VoxEU Column International trade Poverty and Income Inequality

Trade and inequality: From theory to estimation

What is the effect of trade on inequality? This column presents a unique study examining wage inequality in Brazil after liberalisation. Starting from a closed economy, the column finds that wage inequality will initially rise as only some firms take advantage of the new opportunities. But as trade costs continue to fall and more firms start to trade, wage inequality peaks and begins to fall back.

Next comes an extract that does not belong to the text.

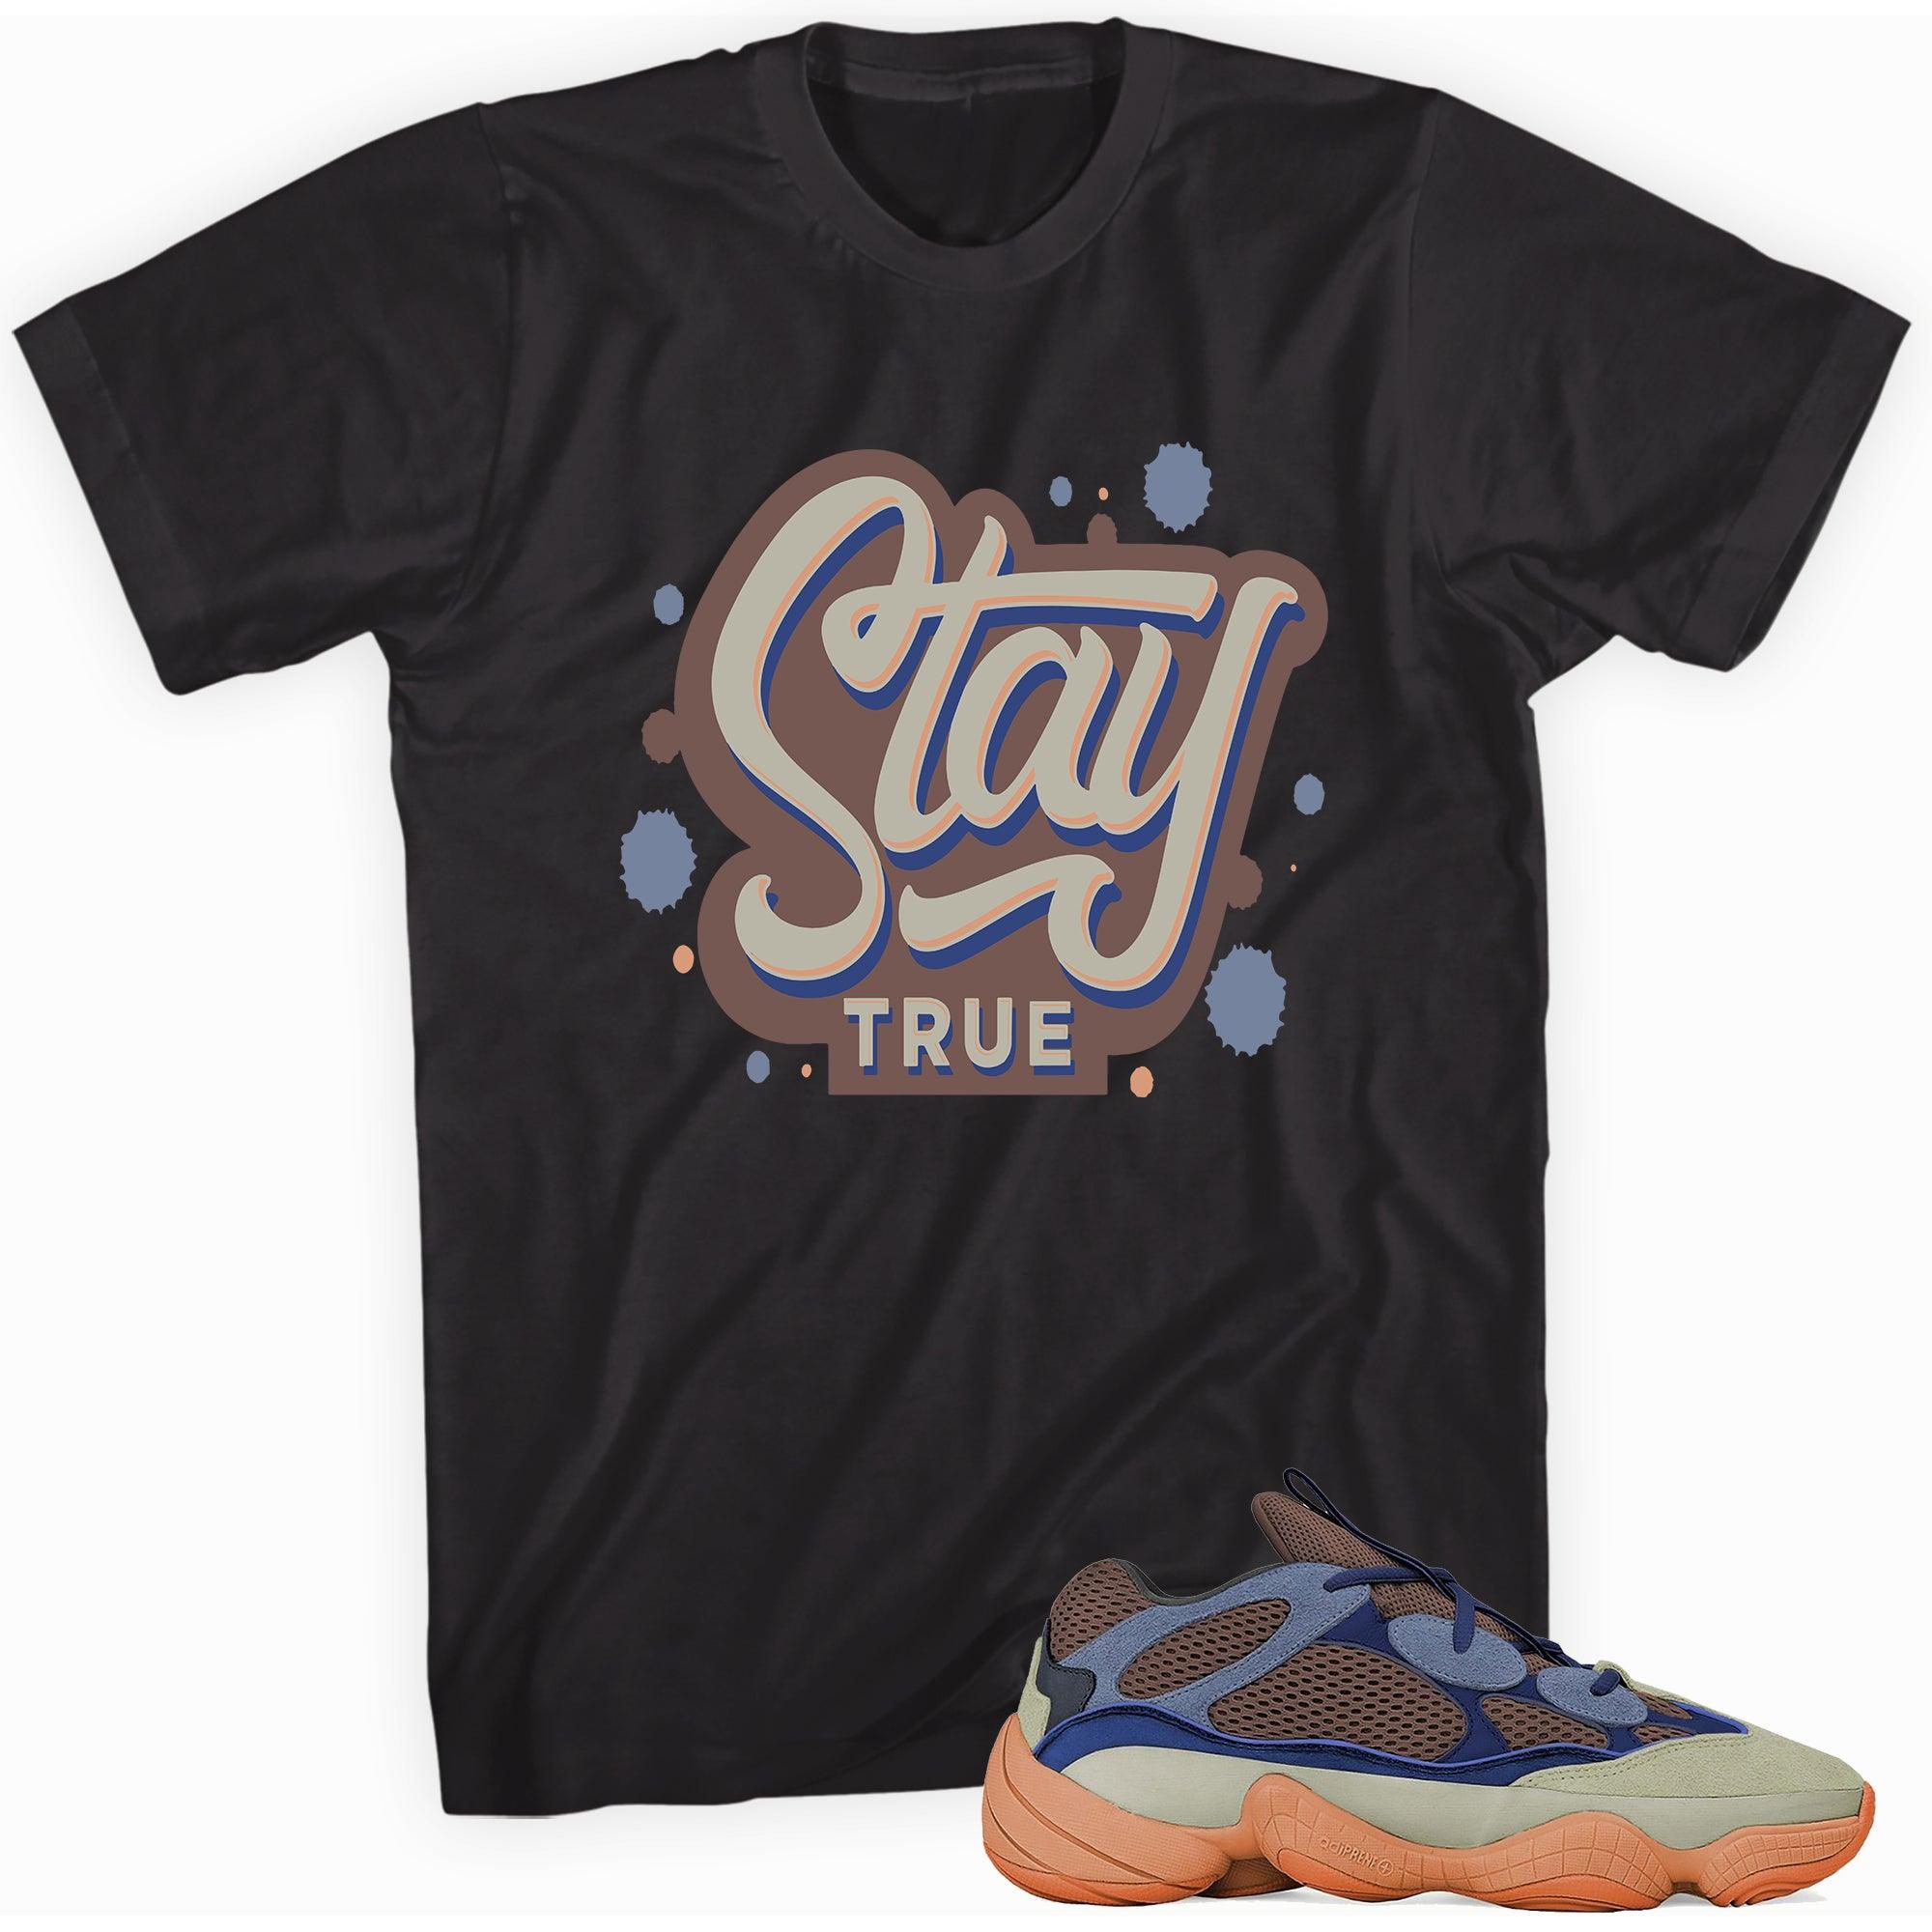 Stay True Shirt Yeezy 500 Enflame photo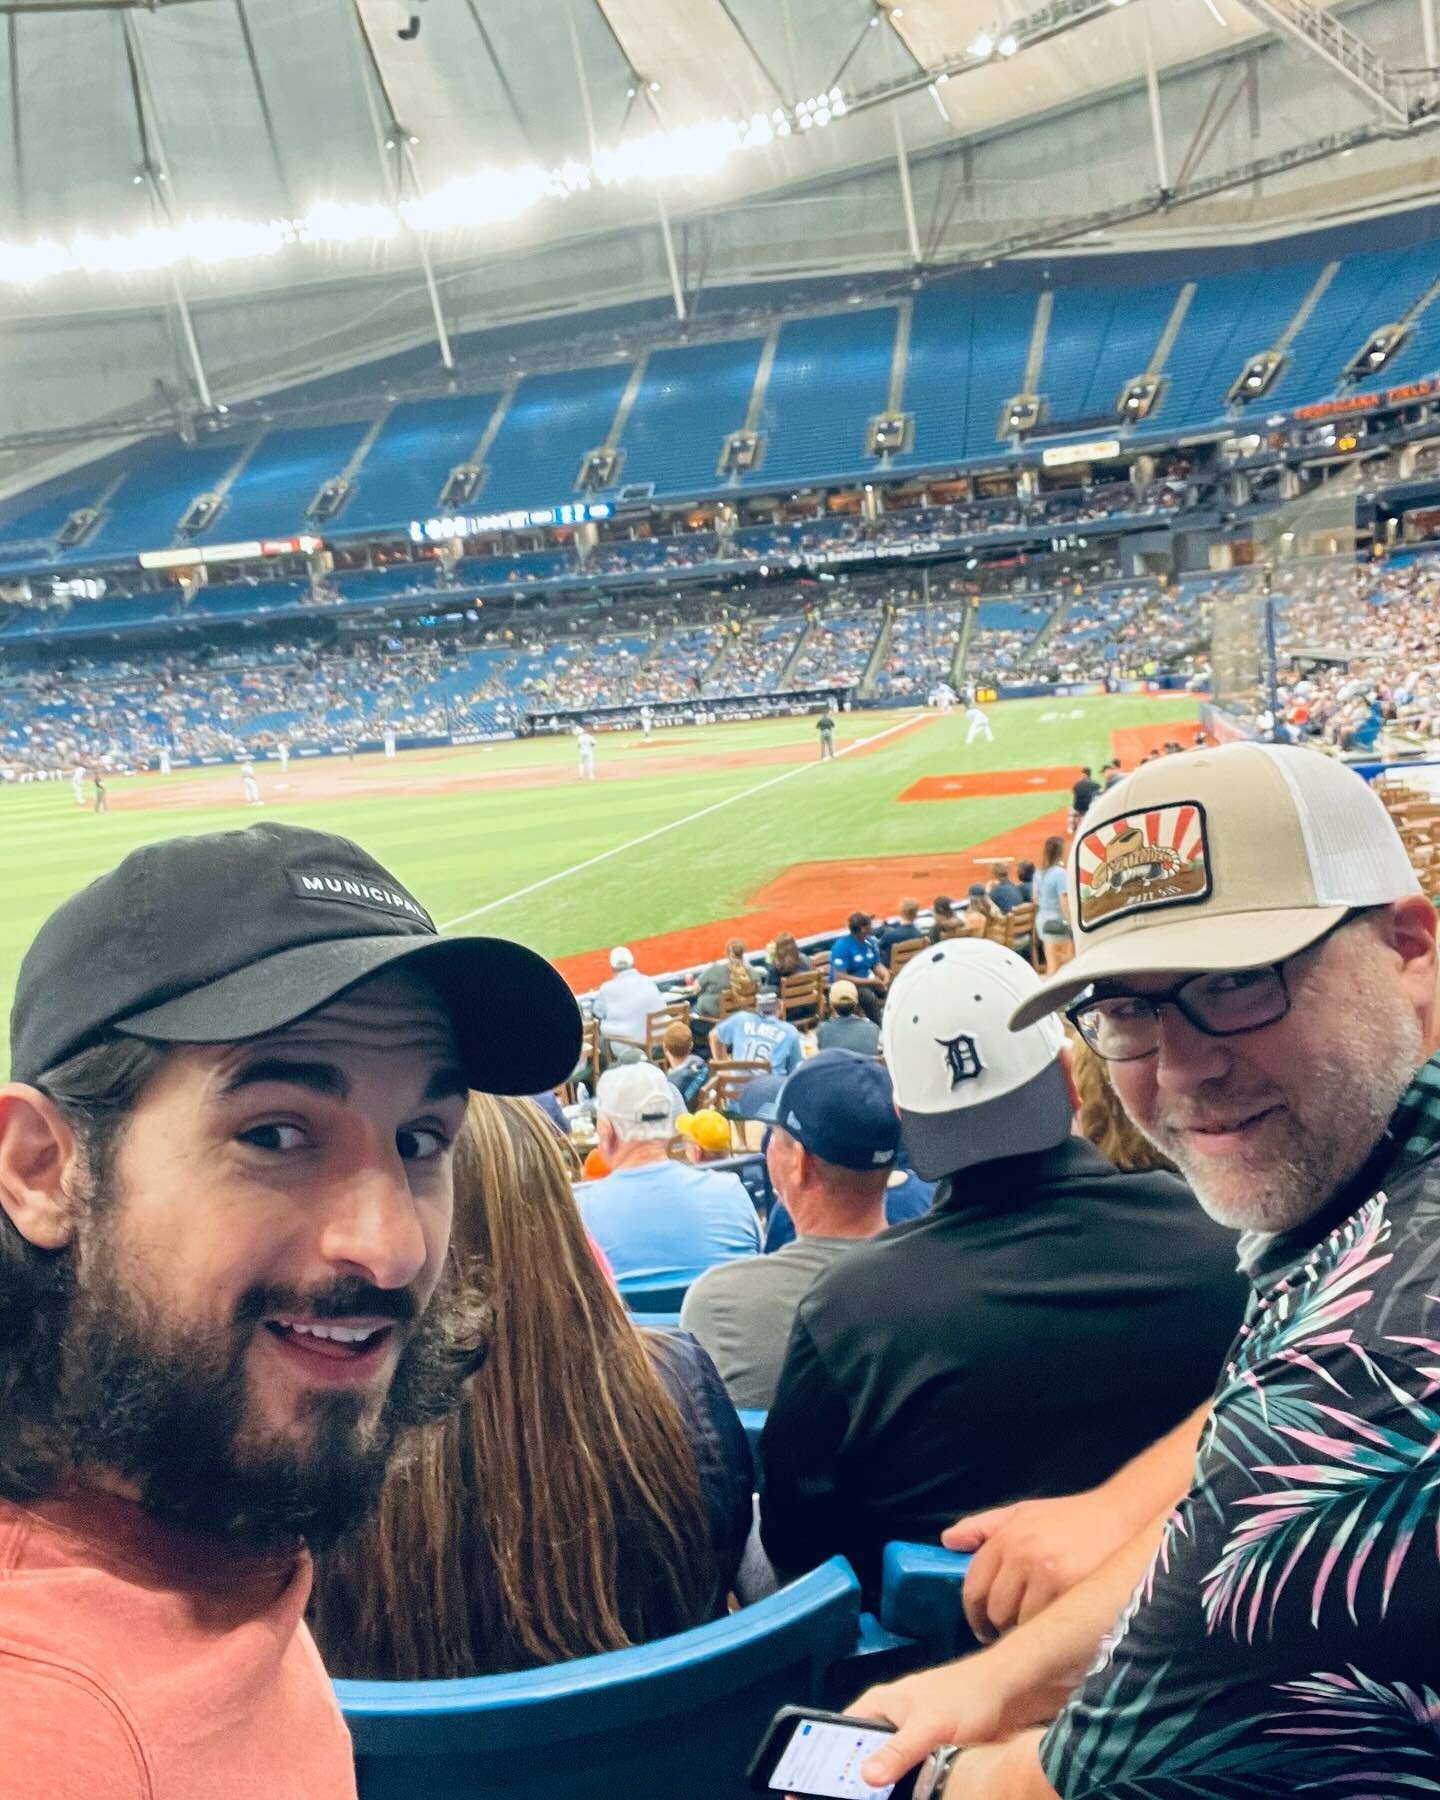 Rays against the Tigers! TB got the W! Impromptu side quest with @jmthesoundguy between @thethornofficial show dates @mlb @tropicanafield @raysbaseball

Until recently, research on the labour market effects of international trade has been heavily influenced by traditional theories such as the Heckscher-Ohlin and Specific Factors models. Those theories provide predictions about relative wages across skill groups or across occupations and sectors. In contrast to predictions of those theories, empirical studies find increased wage inequality in both developed and developing countries, growing residual wage dispersion among workers with similar observed characteristics, and increased wage dispersion across plants and firms within sectors. In a large part due to this disconnect, previous studies have concluded that the contribution of international trade to growing wage inequality is modest at best (see for example the survey by Goldberg and Pavcnik 2007).
We argue that these apparently discordant empirical findings are in fact consistent with a trade-based explanation for wage inequality, but one rooted in recent models of firm heterogeneity and trade. In Helpman et al. (2012) we begin by documenting a number of stylised facts about the level and growth of wage inequality in Brazil that provide support for these recent theories.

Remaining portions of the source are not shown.